*** Begin section ***
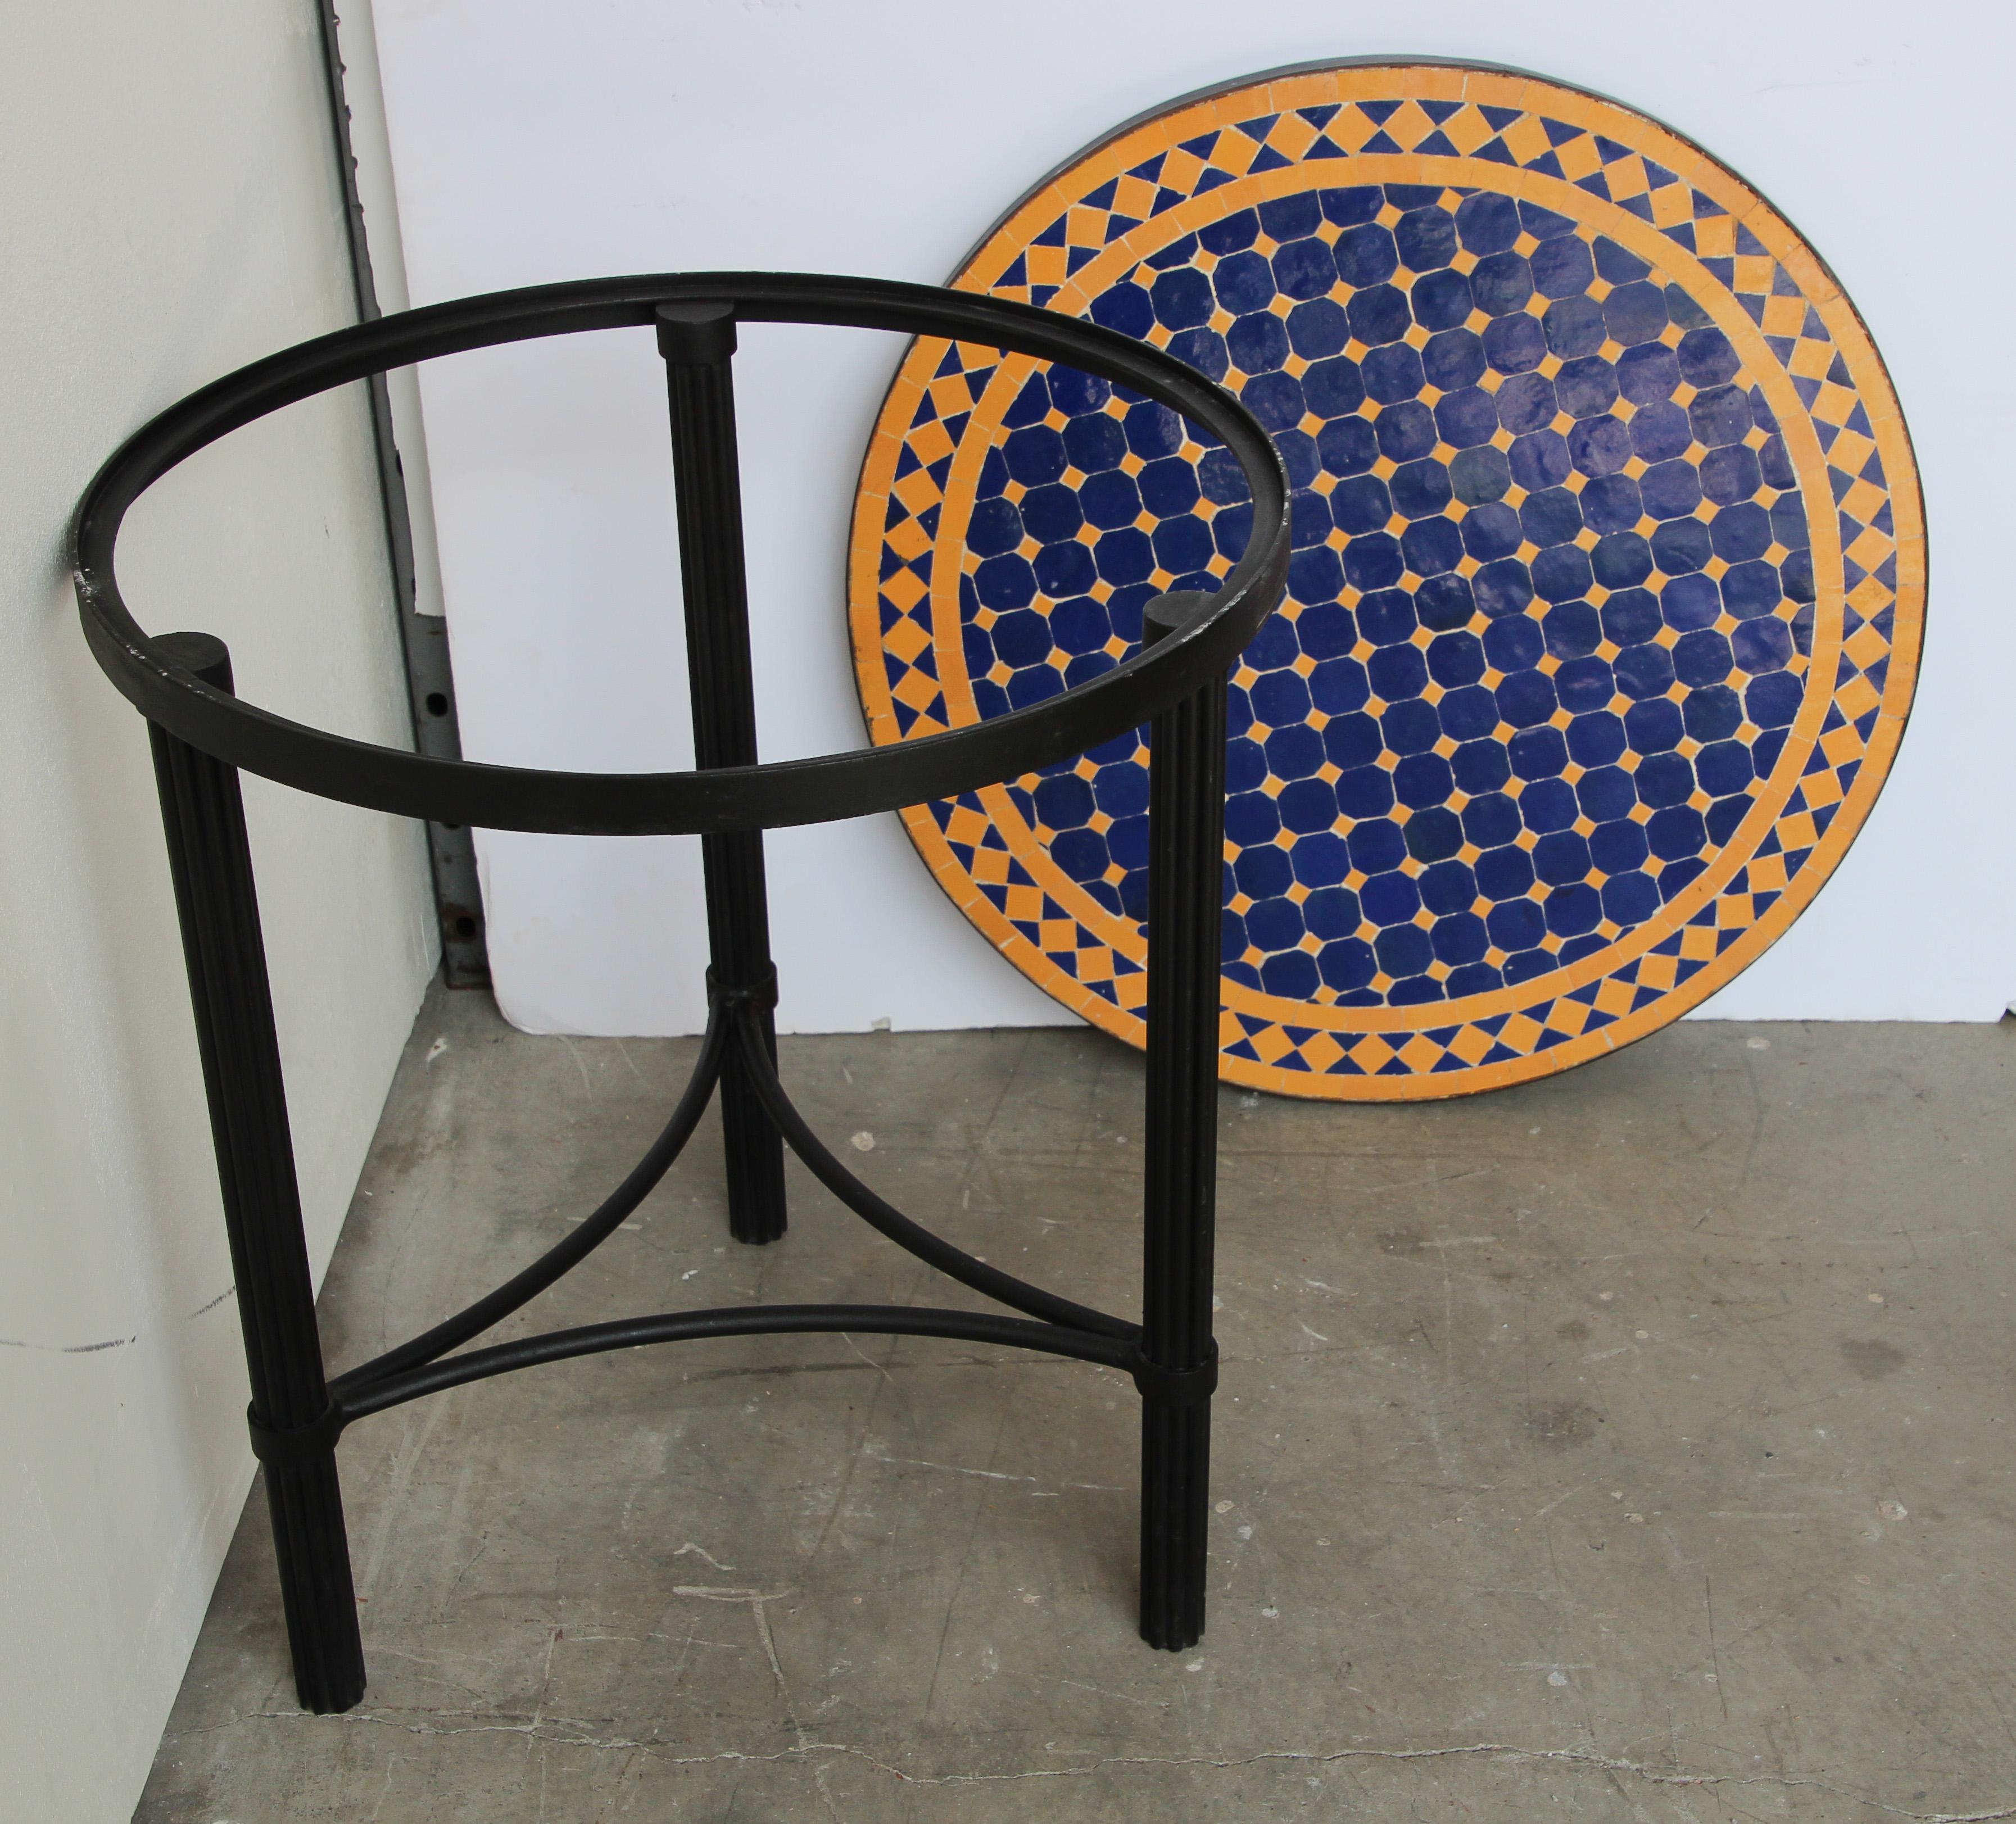 Moroccan Mosaic Tiles Cobalt Blue and Yellow Colors Side Table 6
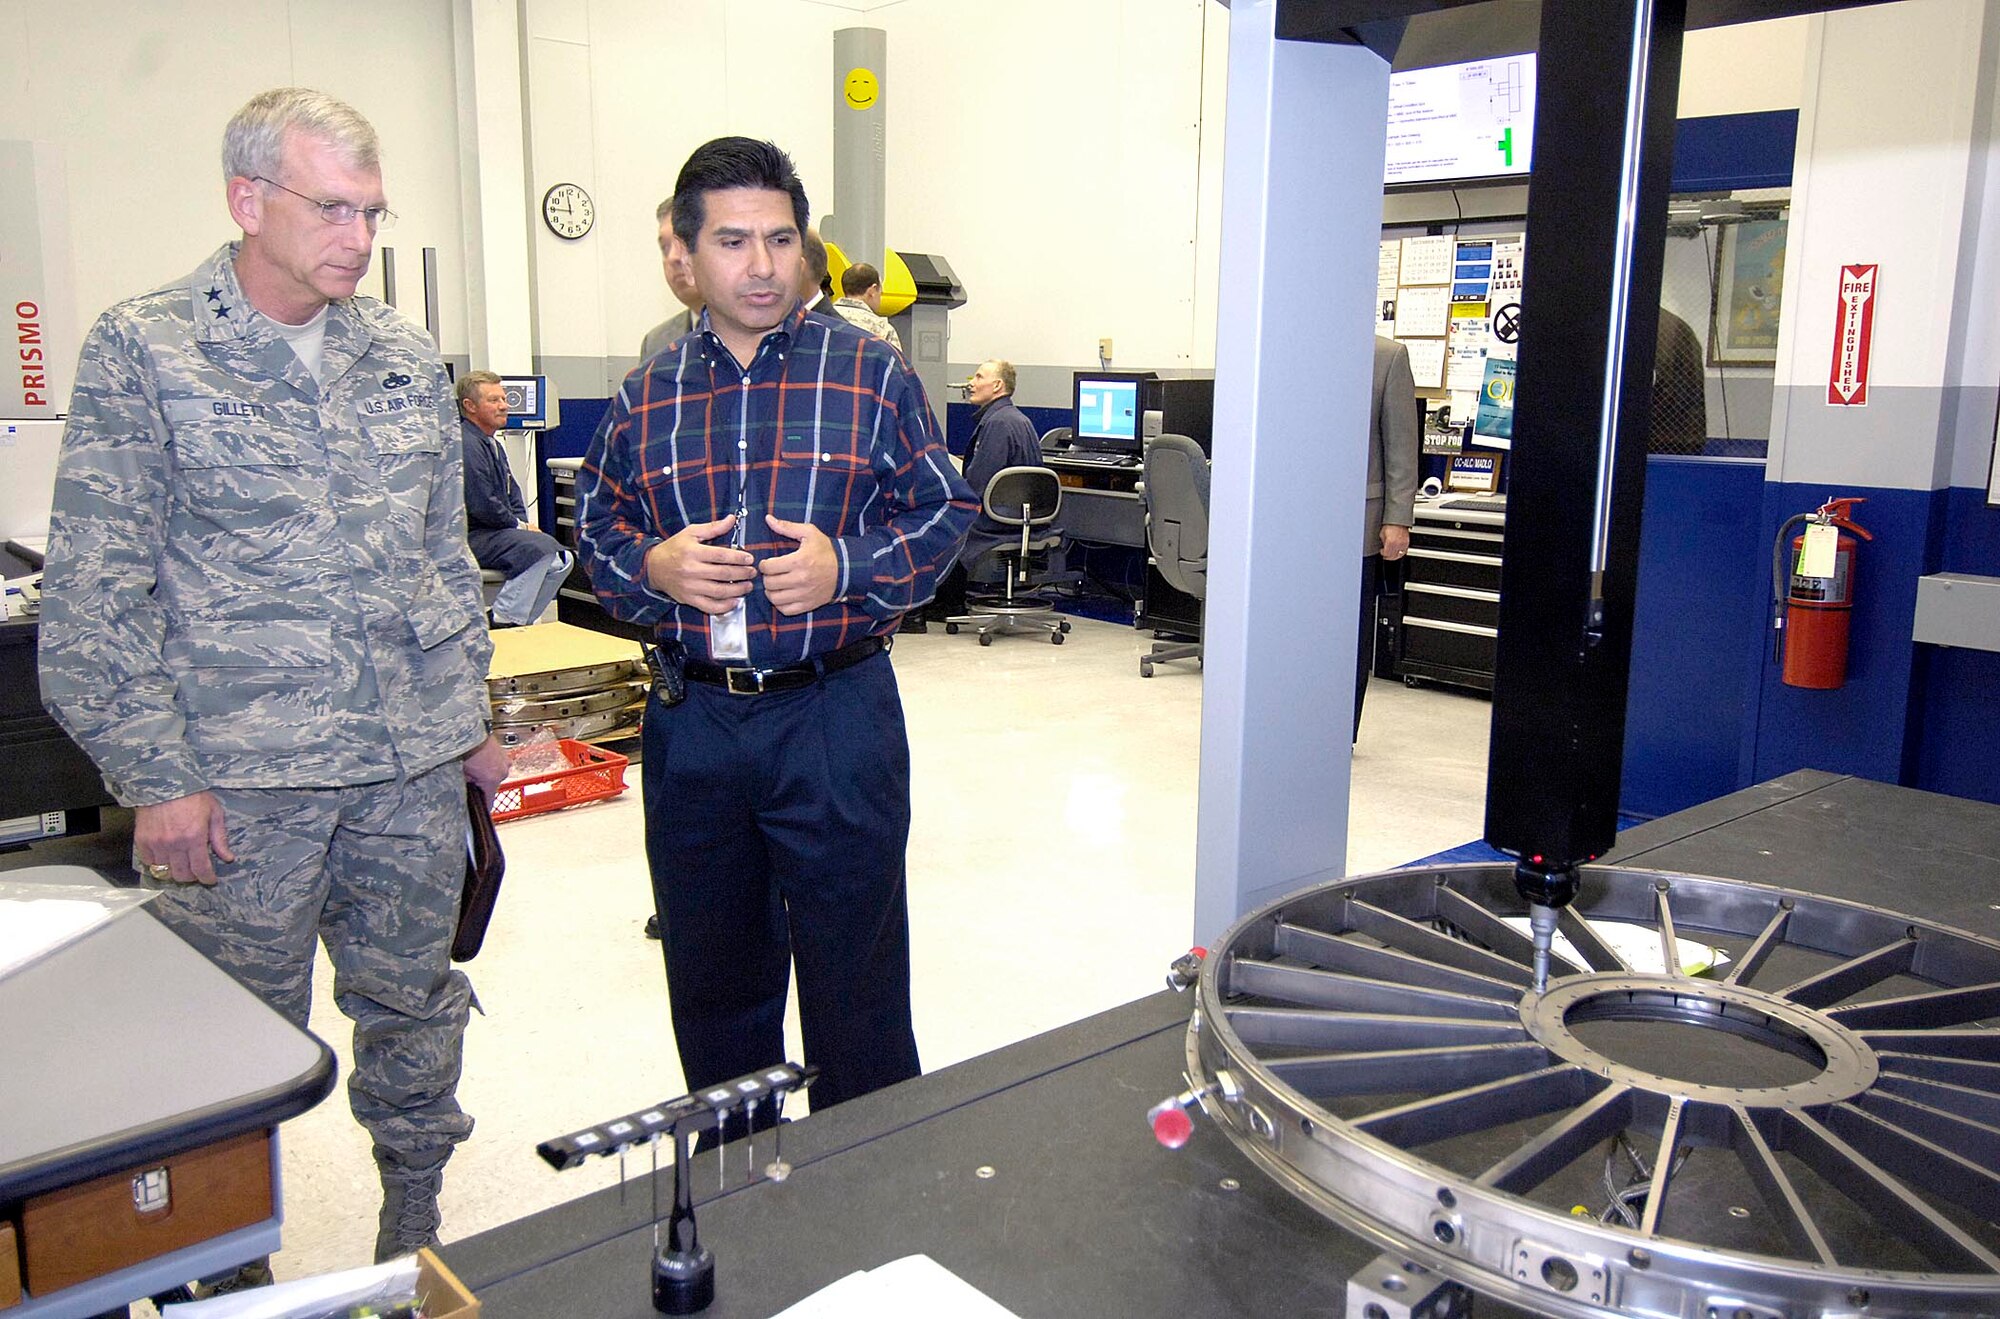 Maj. Gen. P. David Gillett Jr. tours areas of the 76th Maintenance Wing Jan. 14, during his orientation to Tinker, days after assuming command of the Oklahoma City Air Logistics Center. Ron Camacho, chief of the quality verification center, describes the use of a Coordinate Measuring Machine on an F100 engine inlet fan case in the Metrology Laboratory. As part of the orientations, General Gillett was also briefed at the 327th Aircraft Sustainment Wing on Jan. 16. (Air Force photo/Margo Wright)
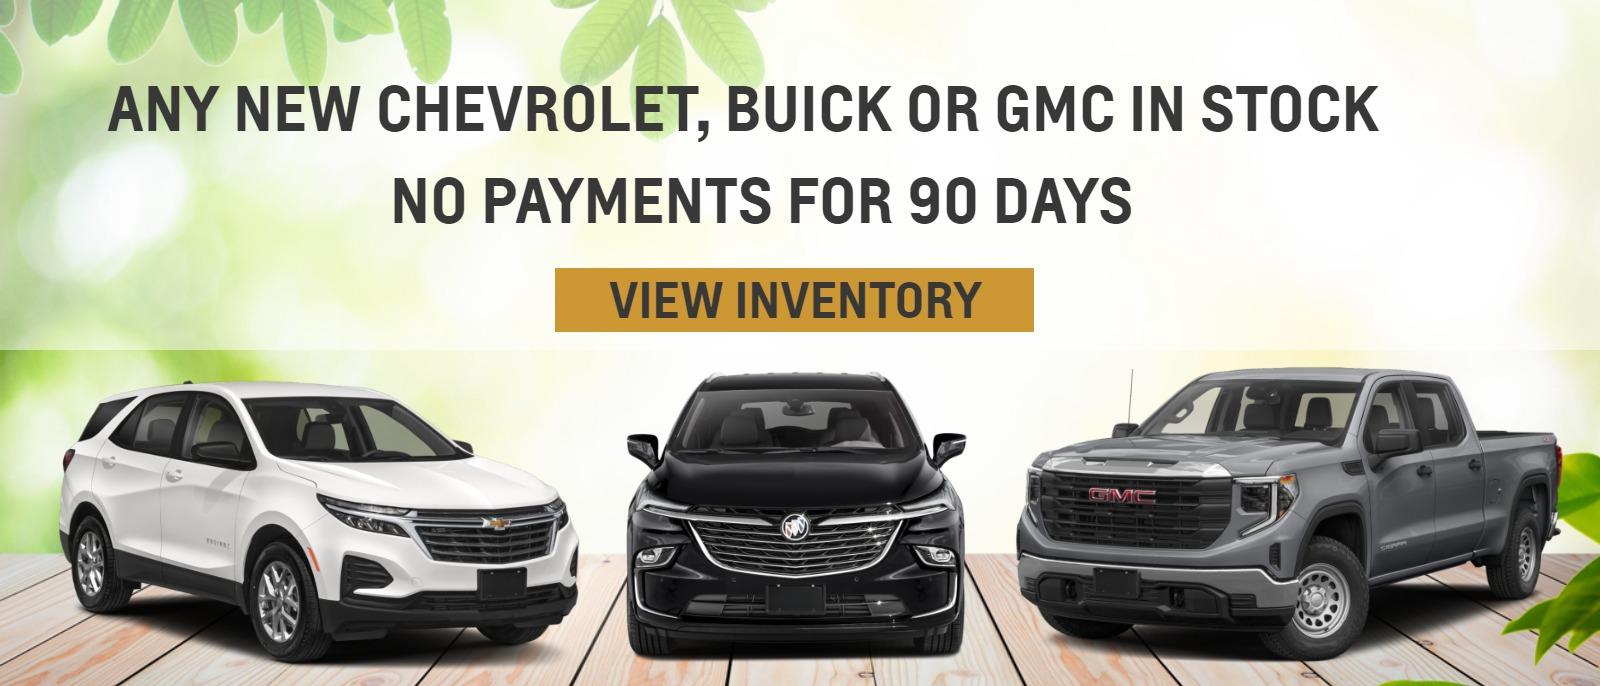 Any new Chevrolet, Buick or GMC in stock


No pymts for 90 days
*** End section ***
Put each line of the listing above into the copy exactly, dropping the pictures.

 Moroccan Mosaic Tiles Cobalt Blue and Yellow Colors Side Table 6
 Maj. Gen. P. David Gillett Jr. tours areas of the 76th Maintenance Wing Jan. 14, during his orientation to Tinker, days after assuming command of the Oklahoma City Air Logistics Center. Ron Camacho, chief of the quality verification center, describes the use of a Coordinate Measuring Machine on an F100 engine inlet fan case in the Metrology Laboratory. As part of the orientations, General Gillett was also briefed at the 327th Aircraft Sustainment Wing on Jan. 16. (Air Force photo/Margo Wright)
 Any new Chevrolet, Buick or GMC in stock


No pymts for 90 days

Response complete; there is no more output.